If you prefer K‑Means:
```bash
opticlust fit \
  --input data.csv \
  --text-col text \
  --method kmeans \
  --k 8 \
  --metric cosine \
  --out-assignments out_assignments.csv \
  --out-report out_report.json
```

---

## API Reference (Configs)

### `EmbeddingConfig`
- `model_name: str` Sentence-Transformers model id. Use `"tfidf"` for TF‑IDF fallback.
- `device: str` `"auto"`, `"cpu"`, or specific like `"cuda:0"`.
- `batch_size: int` Embedding batch size.
- `max_length: int` Truncation length for transformer models (ignored for TF‑IDF).

### `ReductionConfig`
- `var_ratio: float` Target explained variance ratio for PCA; number of components is auto-chosen.
- `max_components: int` Hard cap on PCA components.
- `plot_2d_method: str` `"pca"` or `"tsne"` for 2D projection saved in `result_df`.

### `ClusterConfig`
- `method: str` `"dbscan"` or `"kmeans"`.
- `metric: str` `"euclidean"` or `"cosine"`.
- **DBSCAN-only**:
  - `min_samples: int` Minimum points to form a core point.
  - `eps_start, eps_end, eps_lr: float` Range and learning rate for epsilon sweep.
  - `use_tsne: bool` If `True`, compute a 2D t‑SNE projection for visualization (costly on large data).
- **K‑Means-only**:
  - `k: int | None` Number of clusters. If `None`, the algorithm may pick a heuristic (e.g., sqrt(n)).

### `ReportingConfig`
- `top_representatives: int` Number of exemplar texts per cluster in the report.
- Additional fields may include saving keyword summaries, noise cluster handling, etc., depending on version.

### `FitResult`
- `result_df: pd.DataFrame` One row per sample with columns like `text`, `label`, `pca_x`, `pca_y` or `tsne_x`, `tsne_y`.
- `report: dict` Cluster‑level statistics and exemplar texts.
- `embeddings: np.ndarray` High‑dimensional embeddings.
- `reduced: np.ndarray | None` PCA‑reduced array (if reduction enabled).

---

## Tips and Guidance

- **Scale matters**: structure becomes more reliable as you approach thousands of texts.
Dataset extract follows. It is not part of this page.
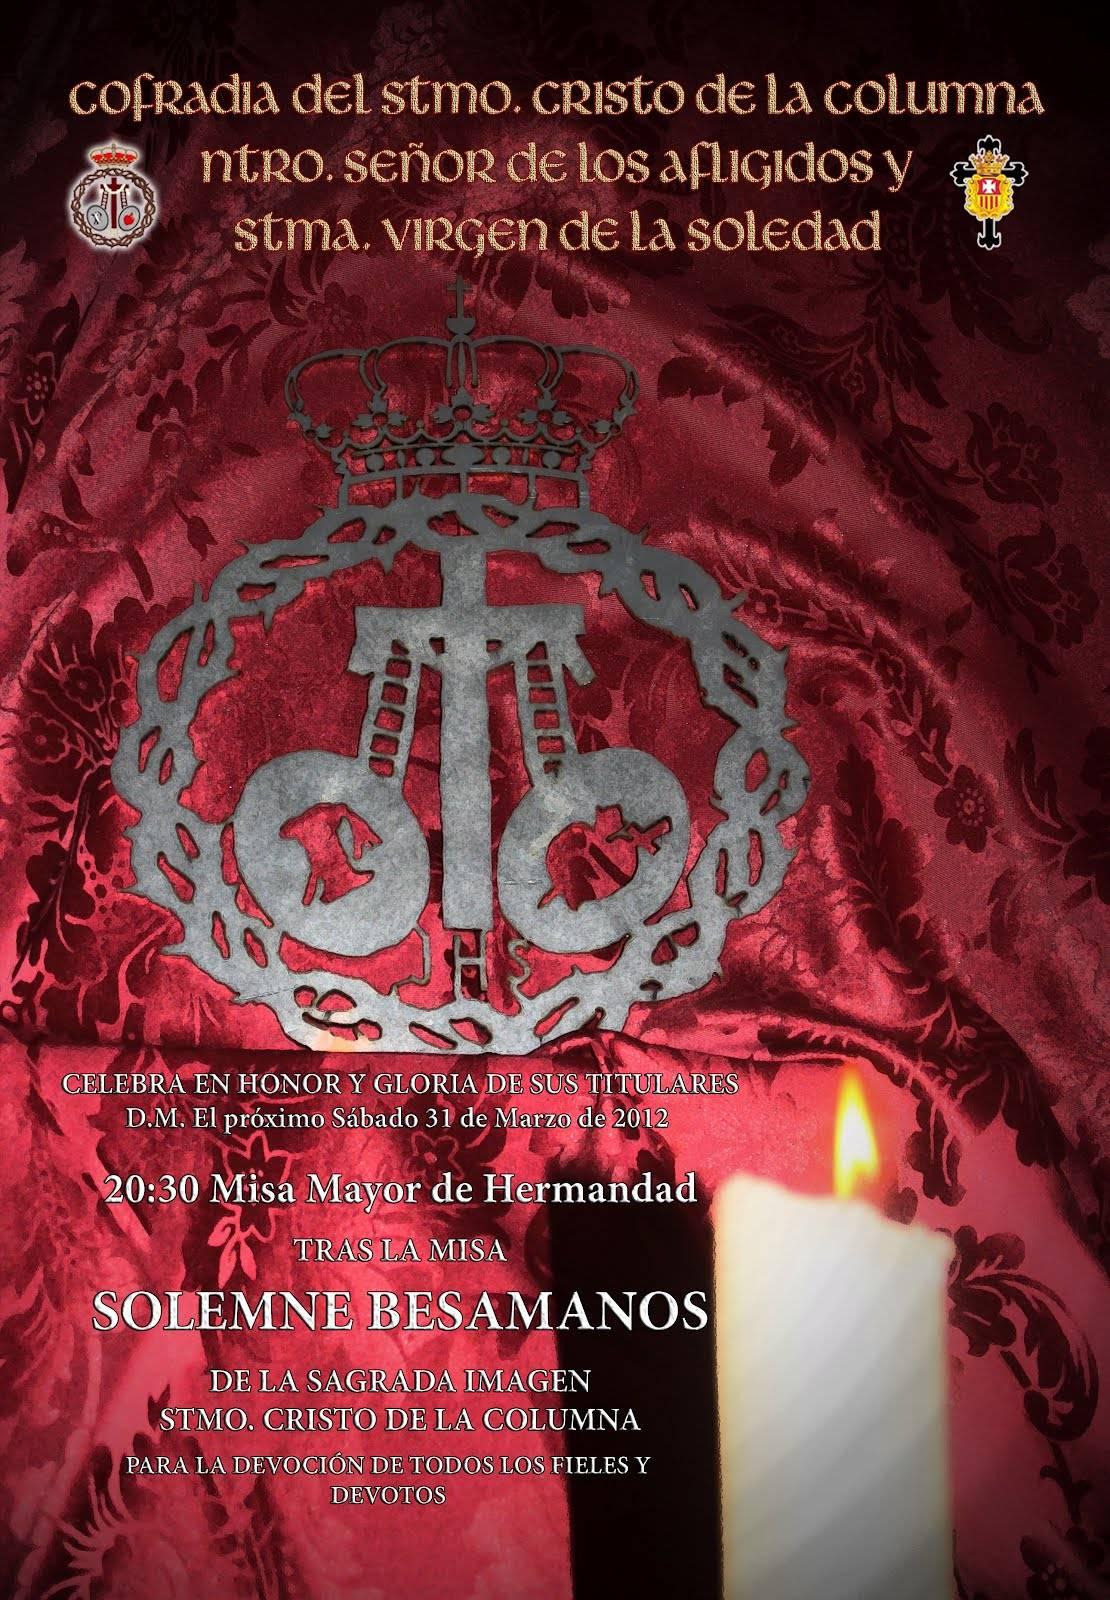 cartel besamanos cristo de la columna 2012 - Besamanos al Cristo de la Columna
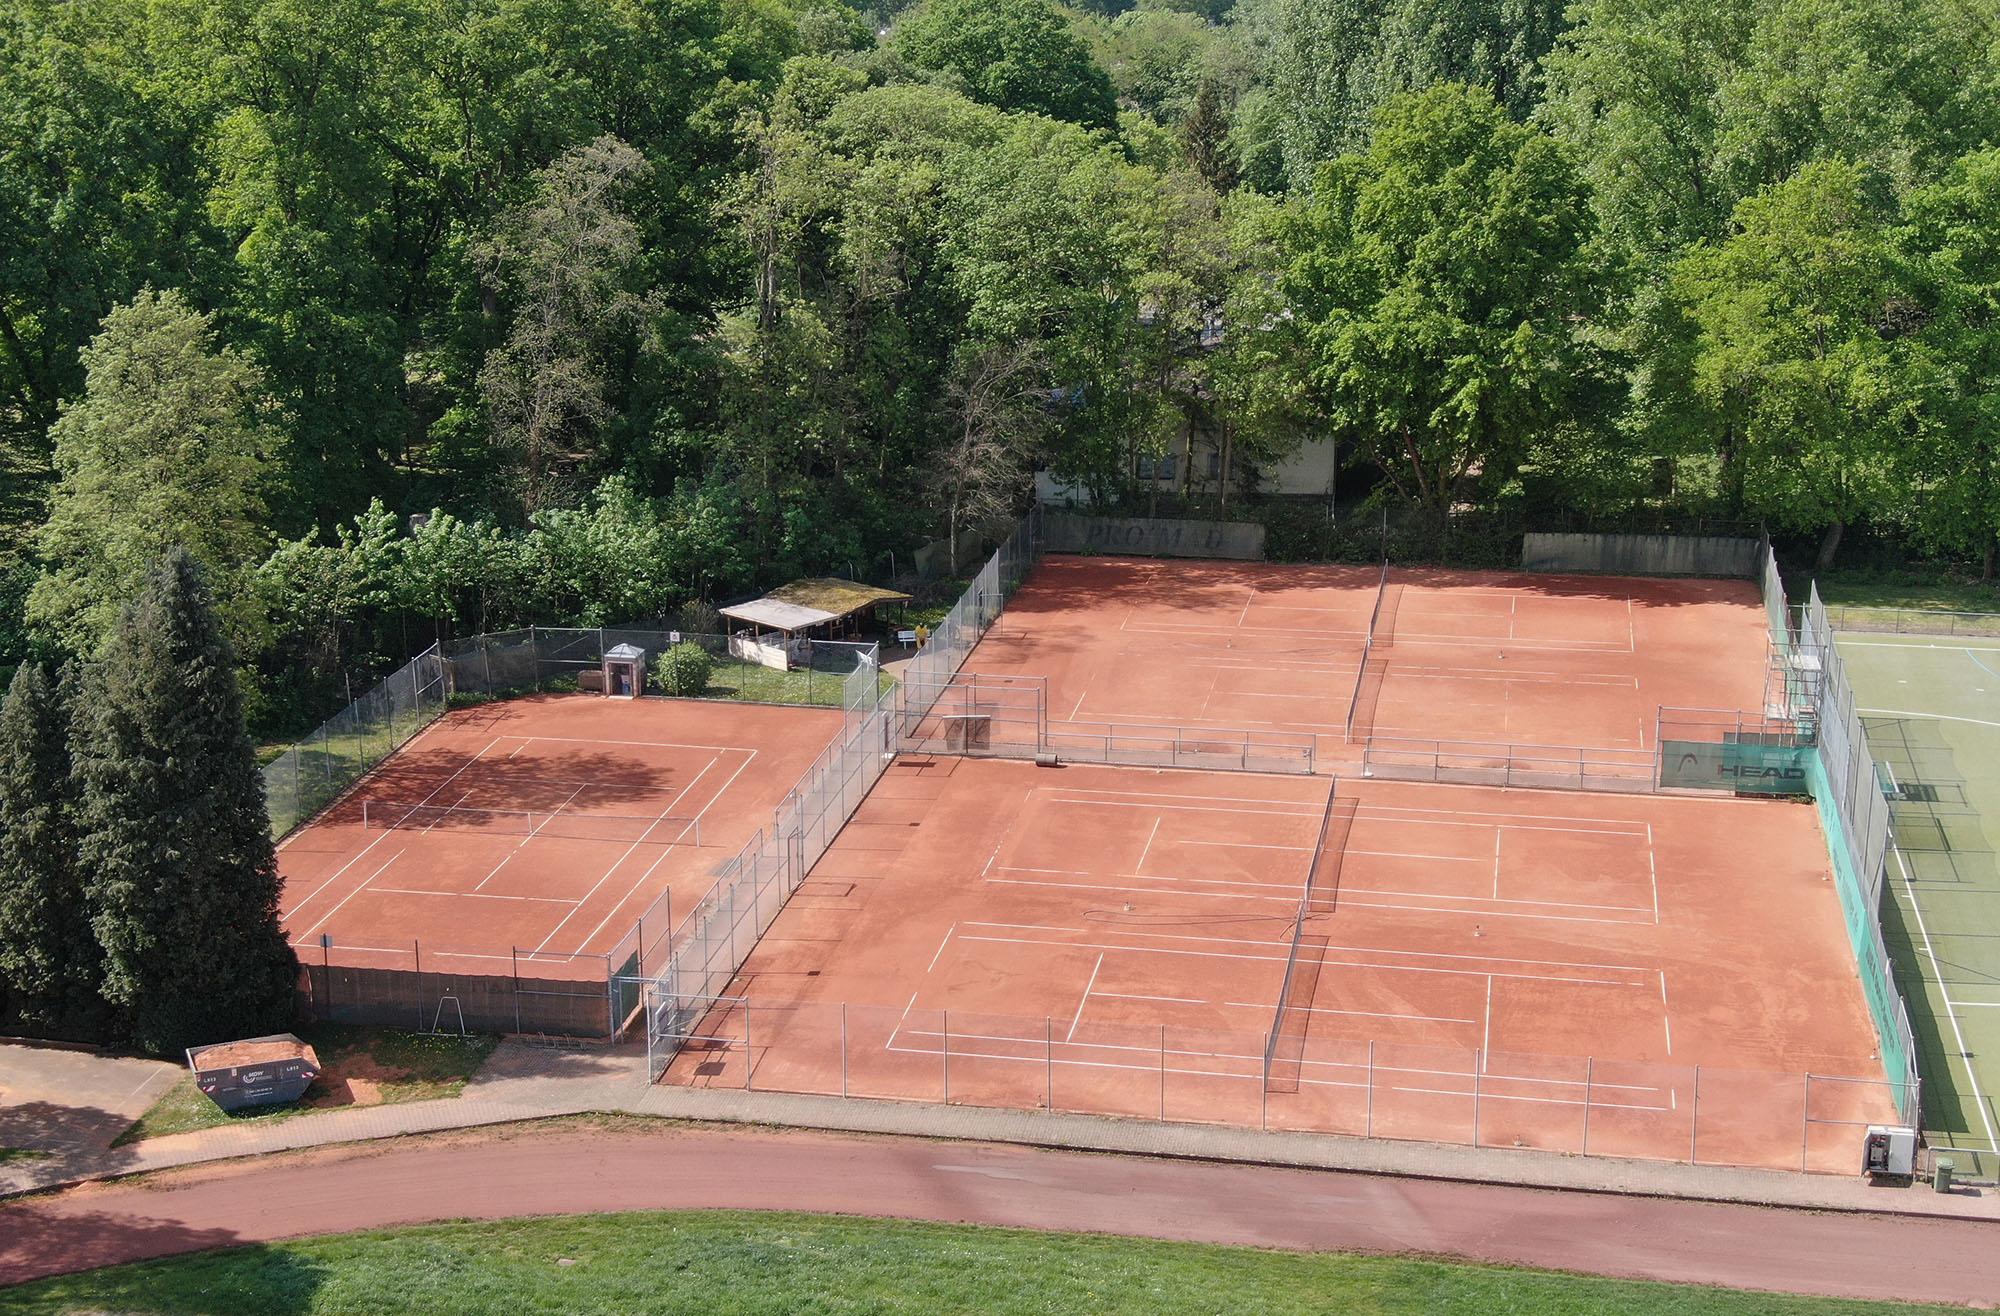 Tennisplatz Luftaufnahme

With only dozens, expect less stable clusters.
- **Metric**: if you normalize embeddings (default when using cosine), try `metric="cosine"` for DBSCAN and K‑Means.
- **DBSCAN tuning**: sweep `eps` across a sensible range. Start narrow if your data is dense; widen for varied topics.
- **Hardware**: on CPU, transformer embeddings can be slow. If you have a GPU, set `device="cuda:0"` or keep `auto` and let the library decide.
- **Caching**: for repeated runs on the same data, consider caching embeddings to disk.
- **Reproducibility**: set `random_state` where available for deterministic behavior.

---

## Troubleshooting

- **ValueError: perplexity must be less than n_samples**  
  You asked for t‑SNE on too few samples. Lower `perplexity` (if configurable) or disable `use_tsne` until you have more data.
- **Out of memory during embedding**  
  Reduce `batch_size`, switch to a smaller model, or use TF‑IDF fallback (`model_name="tfidf"`).
- **All points labeled -1 (noise) in DBSCAN**  
  Increase `eps`, decrease `min_samples`, or switch to cosine distance.

---

## License

This project is released under the MIT License. See `LICENSE` for details.

---

## Changelog

See `CHANGELOG.md` for notable changes between releases.